We must now learn the lesson. The solution has to involve regulation of international
credit creation and of short-term capital movements--a new regime of international
finance. In the words of Martin Wolf, columnist for The Financial Times, one of the
three main organs of world capitalist views, "[I] is impossible to pretend that the
traditional case for capital market liberalization remains unscathed. Either far greater
stability than at present is injected into the international monetary system as a whole or
the unavoidably fragile emerging countries must protect themselves from the virus of
short-term lending, particularly by—and to—the banks. After the crisis, the question
can no longer be whether these flows should be regulated in some way. It can only be
how." The how question, however, is made doubly difficult by the growth of private
debt tied to occult derivative contracts that escape established methods of bank
regulation. The successes of the international regime for tracing drug money perhaps
offer grounds for hope.

It is possible that several years from now the Asia crisis will be looked back on as "the
crouch before the leap". We should bear in mind the history of a decade ago. In the late
1980s Japan was resurgent, soon to be "number one", and the US was in trouble and
keen to learn from the Japanese model.
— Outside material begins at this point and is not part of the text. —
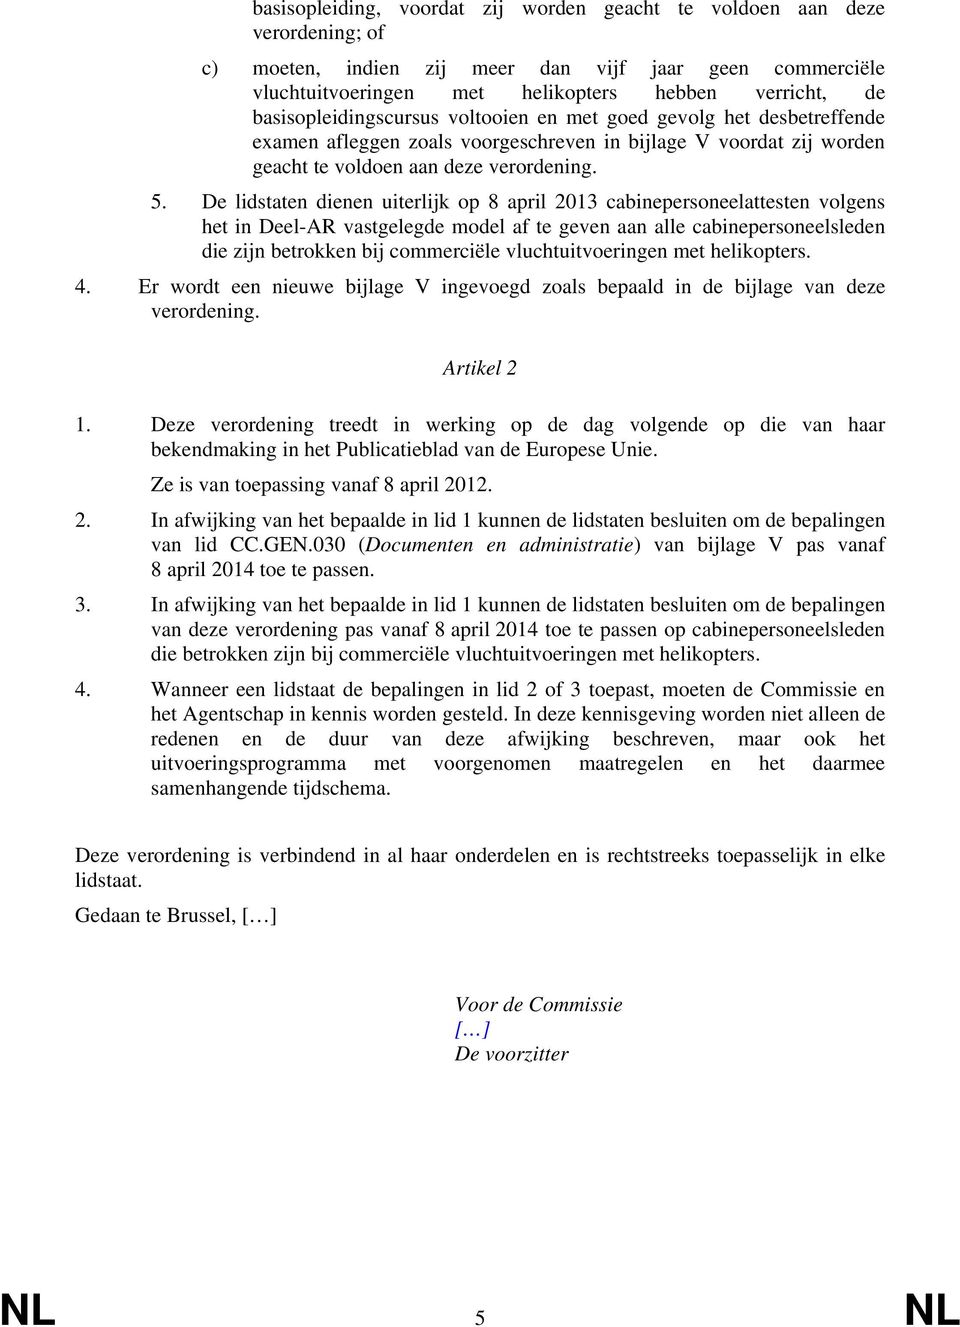 De lidstaten dienen uiterlijk op 8 april 2013 cabinepersoneelattesten volgens het in Deel-AR vastgelegde model af te geven aan alle cabinepersoneelsleden die zijn betrokken bij commerciële

Then the Japanese stock market and property
bubbles burst, the US became resurgent, and talk of the Japanese model faded away.
Will the cycle repeat itself? The US is now probably in the last stage of its own stock
market and currency bubbles. If they burst and if the Asian liquidity problems are
overcome, the Asian model may look to have more staying power than most
commentators now think, and be more influential in setting norms for international
economic and financial regimes.

On the other hand, one has to remember that world income distribution has been
remarkably stable over the past several decades, both in its trimodal distribution and in
the position within it of individual countries. Very few countries have increased their
per capita income sufficiently to move from the lower zone to the middle or from the
middle to the upper. Several Latin American countries looked to be well on the way into
the middle zone in the 1960s and 1970s—until the debt crisis of the early 1980s pushed
them back down. The current Asia crisis, with its huge devaluations, has pushed Korea
from the lower bound of the upper zone back into the middle, and pushed Thailand and
most dramatically Indonesia from the middle into the lower. To what extent is the
crisis-- beyond a collective action problem of liquidity and beyond a symptom of the
weakness of the international financial regime--a reassertion of the stability of world
income distribution? To what extent is it a structure-restoring adjustment to the seismic
shocks of China’s rise through the lower zone? The crisis, according to this
interpretation, is less a crouch before the leap than a replay of Latin America’s nosedive
in the early 1980s. A decade from now we will be able to see whether the Asia crisis of
1997-? was a blip on an upward Asian trajectory that changes the structure of world
income distribution, or a restoration of the status quo.